Асока незаметно пошевелила руками и поморщилась — наручники-блокаторы до боли сдавливали запястья. А вот ее мастера не остановили бы никакие наручники! Когда-то в плену у очередных сепаратистских наемников на Энакина нацепили блокирующий связь с Силой ошейник. Было тошно смотреть на самодовольные рожи пиратского отребья, которое хлестало коленопреклоненного Скайуокера электрическими бичами и визгливо хохотало: «Ну, и где твоя Сила, а? Где твоя Сила, джедай?» Энакин сверкнул глазами из-под спутанных волос и расплылся в кривой ухмылке. Ошейник, стоивший как апартаменты на Корусанте, заискрил и шлепнулся на пол бесполезной железякой, а наемники схватились за горло, судорожно пытаясь вдохнуть.
«Сейчас бы не помешал Энакин под боком. Сейчас и всегда, — пронеслась в голове мысль. — Но он вот уж пять лет как мертв, а выбираться отсюда все равно надо».
Воспоминания о прошлой ночи возвращались медленно и неохотно.
Вот мелькают бесчисленные коридоры святилища. База опустела, потому что старый трюк времен Войны Клонов сработал на ура: сдетонировала взрывчатка, заложенная у трех основных входов и возле ангара с кораблями, и местный наемничий контингент бросился разбираться с диверсией. У Асоки есть не больше семи минут. Она петляет среди полуразрушенных колонн и арок, ведомая огоньком жизни, пульсирующим где-то в глубине лабиринта.
Секунды утекают, раз-два-три.
Асока ловко и без шума вырубает зазевавшихся часовых. Столы, заставленные пробирками и дистилляторами, резкий запах химии — полутемная нарколаборатория.

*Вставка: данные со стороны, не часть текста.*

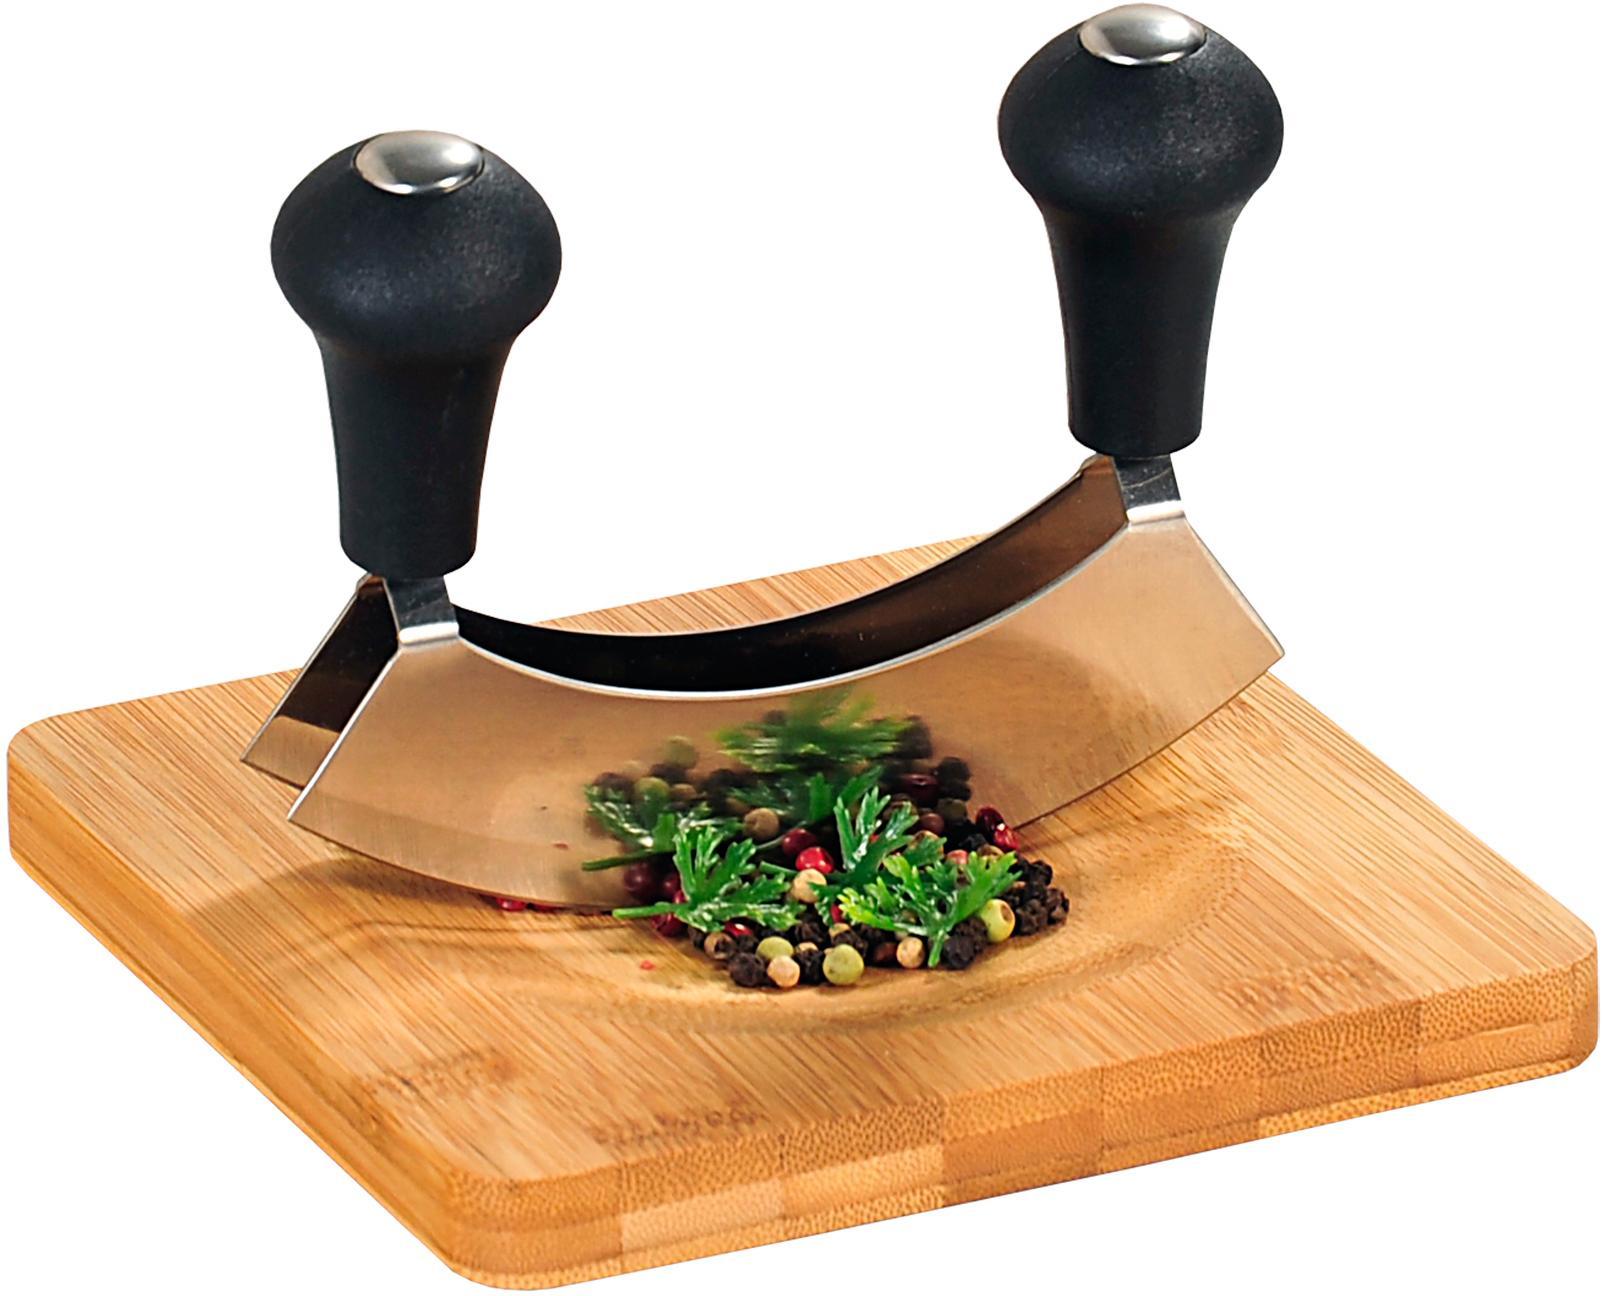 KESPER for kitchen & home Kräuterschneidebrett Bambus Preisvergleich

Девочка-сэфи, та самая Энайя Эллани, склонилась над лужей, фосфоресцирующей розовым. Эти твари наказали ее за побег: отправили вычищать химические отходы без противогаза и защитного костюма, с тряпкой и ведром воды. Энайя поднимает заплаканные глаза, ее руки покрыты корочкой ожогов. «Я пришла за тобой», — коротко бросает ей Асока. «Я знаю путь», — кивает девочка. Она увлекает Асоку за собой в темноту, и с каждым шагом Асока ощущает, как опасность наступает им на пятки.

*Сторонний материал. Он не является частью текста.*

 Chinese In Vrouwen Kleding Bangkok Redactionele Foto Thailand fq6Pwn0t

Энайя замирает у зубцов стены. Капкан захлопнулся. Асока уже слышит эхо кованых сапог в коридорах. «Я не хотела, — всхлипывает Энайя. — У них… моя сестра. Они сказали, что убьют ее». Стоит заорать, может быть, даже влепить затрещину предательнице, но Асока только думает о том, что у Энайи веснушки в точности как у младшей сестры. «Тебе солгали, твоя сестра жива», — только и говорит Асока. Глаза девочки расширяются в ужасе.
Бряцание оружия все ближе. Асока вкладывает ключи от своего спидера в обожженные пальцы девочки и толкает ту к бойнице в стене, достаточно большой, чтобы туда могла протиснуться хрупкая девица вроде Энайи Эллани. «Спидер в овраге за зарослями люминоса, — скороговоркой шепчет Асока, — поезжай все время на запад вдоль ущелья и да направит тебя Сила». Энайе удается выкарабкаться наружу, она нащупывает ногами карниз и ползет в сторону водосточного желоба, прижимаясь к стене. Асока же активирует мечи, чтобы встретить гостей как полагается.

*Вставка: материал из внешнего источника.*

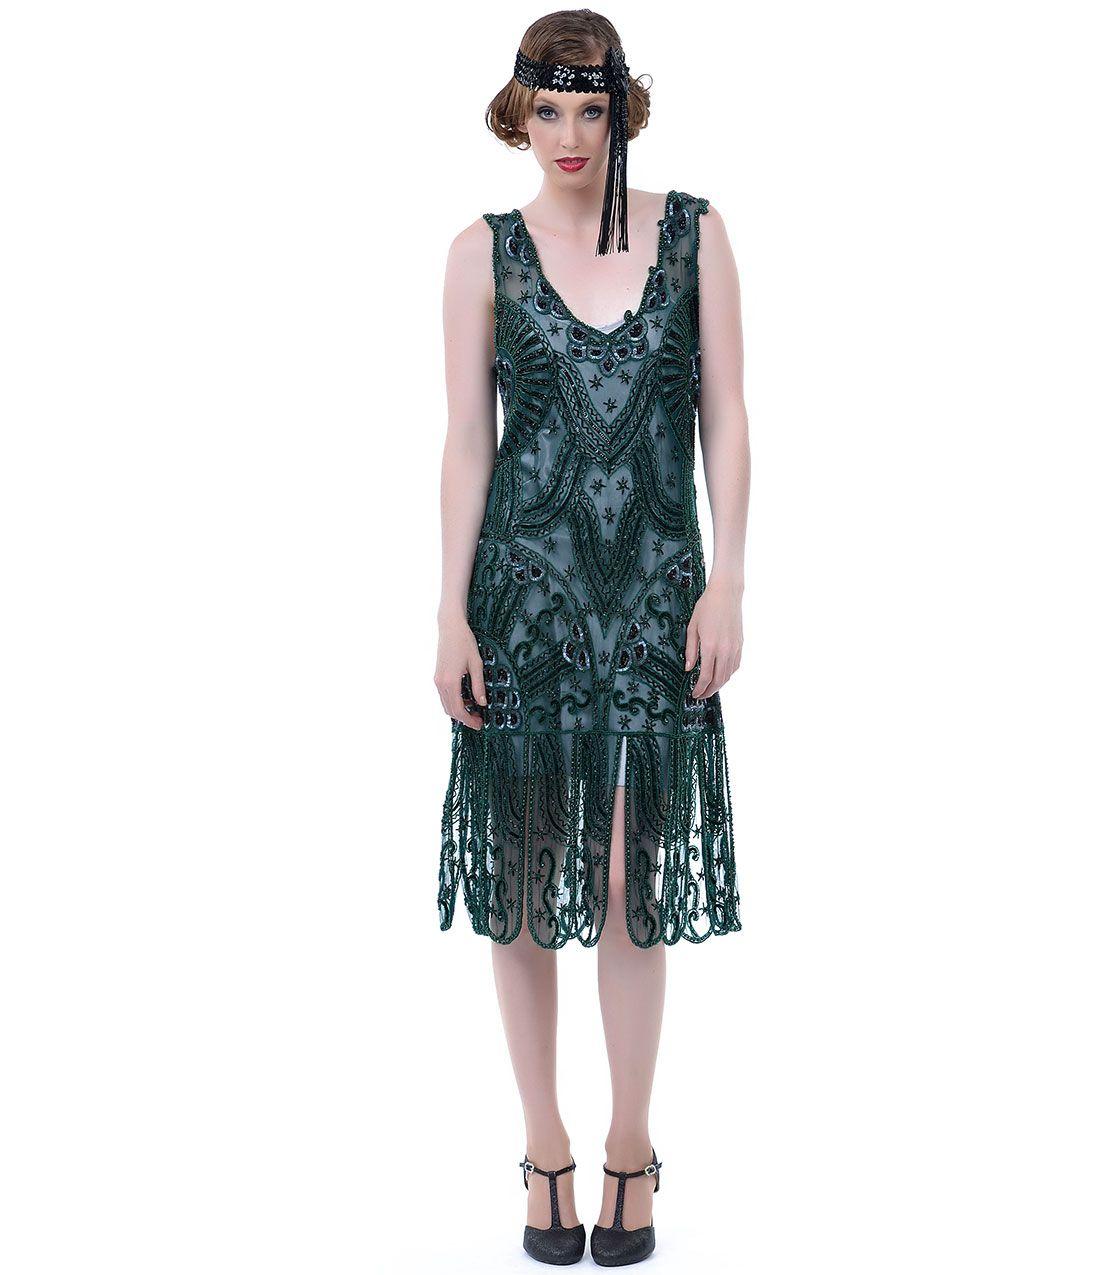 168 Stop Staring! 1930s Style Navy & Ivory Railene Dress | 1920s ...

С двух сторон на нее бросаются громилы-гаморреанцы с плазменными винтовками наперевес, Асока уклоняется от их выстрелов и делает плавный оборот вокруг своей оси, отсекая обоим гаморреанцам руки. На Асоку из темноты выскакивает еще десяток наемников, замыкая ее в кольцо, с неба открывают огонь дроны. Асока танцует под градом выстрелов, отбивает заряды мечом.
Атака, подсечка, блок — и так снова и снова, пока дрон не сбрасывает на нее сеть.
Электрическая сеть над головой, а дальше только темнота.
Асоке хотелось верить, что корабль уже уносит маленьких рабов как можно дальше от Зар-Замана.
Она осмотрелась: темноту вокруг разгонял голубоватый свет энергетической решетки, сама камера казалась каменным мешком с затхлым воздухом. Совсем рядом кто-то глухо всхлипывал. Приглядевшись как следует, Асока рассмотрела фигуру, сжавшуюся в углу камеры. Судя по золотым шароварам и браслетам, это была женщина. «Эй, — тихонько позвала Асока. — Не бойся, я не обижу тебя. Где мы?» Женщина не ответила ей и расплакалась. Асока хотела позвать несчастную снова, но до ее монтраллов донеслось эхо шагов.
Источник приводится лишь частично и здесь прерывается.